1 Department of Medicinal Plants, Imam Khomeini Higher Education Center, Agricultural Research, Education and Extension Organization (AREEO), Karaj, Iran

2 Institute of Technical and Vocational Higher Education, Agriculture Jihad, AREEO, Tehran, Iran

How to Cite: Ebadollahi - Natanzi A. Toxicity Comparison of Four Cruciferous Plant Extracts and Evaluation of Their Cytotoxicity - Radical Scavenging Correlations. Jundishapur J Nat Pharm Prod. 2018;13(2):e13866.
doi: 10.5812/jjnpp.13866.


Jundishapur Journal of Natural Pharmaceutical Products: 13 (2); e13866
Published Online: May 5, 2018
Article Type: Research Article
Received: May 22, 2017
Revised: October 17, 2017
Accepted: April 16, 2018



The plants belonging to Cruciferae family are of importance due to their potential to curb some diseases such as cancer through their bioactive compounds.

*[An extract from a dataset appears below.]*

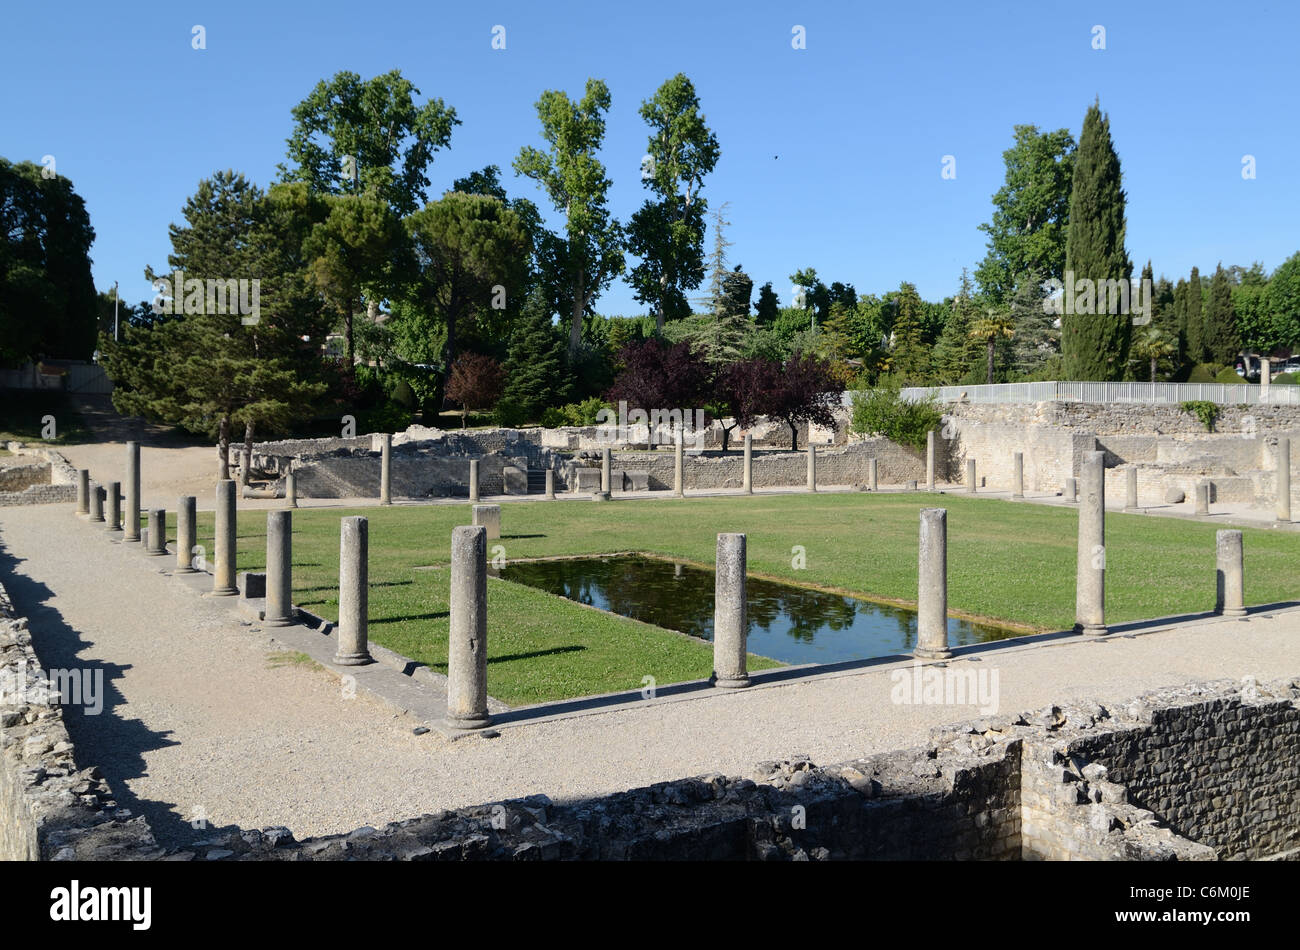 Roman Town & Ruins, Courtyard Gardens & Pool, Vaison-la-Romaine, Quartier de la Villasse, Vaucluse, Provence, France Stock Photo

In fact, the plants of this family can be considered as a potent source for discovering and developing novel anticancer compounds.


In the present study, total extracts of four cruciferous plants from Iran namely Cardaria draba (CD), Rorippa sylvestris (RS), Sameraria nummularia (SN), and Cardamine uliginosa (CU) were screened for cytotoxicity action using shrimp lethality assay.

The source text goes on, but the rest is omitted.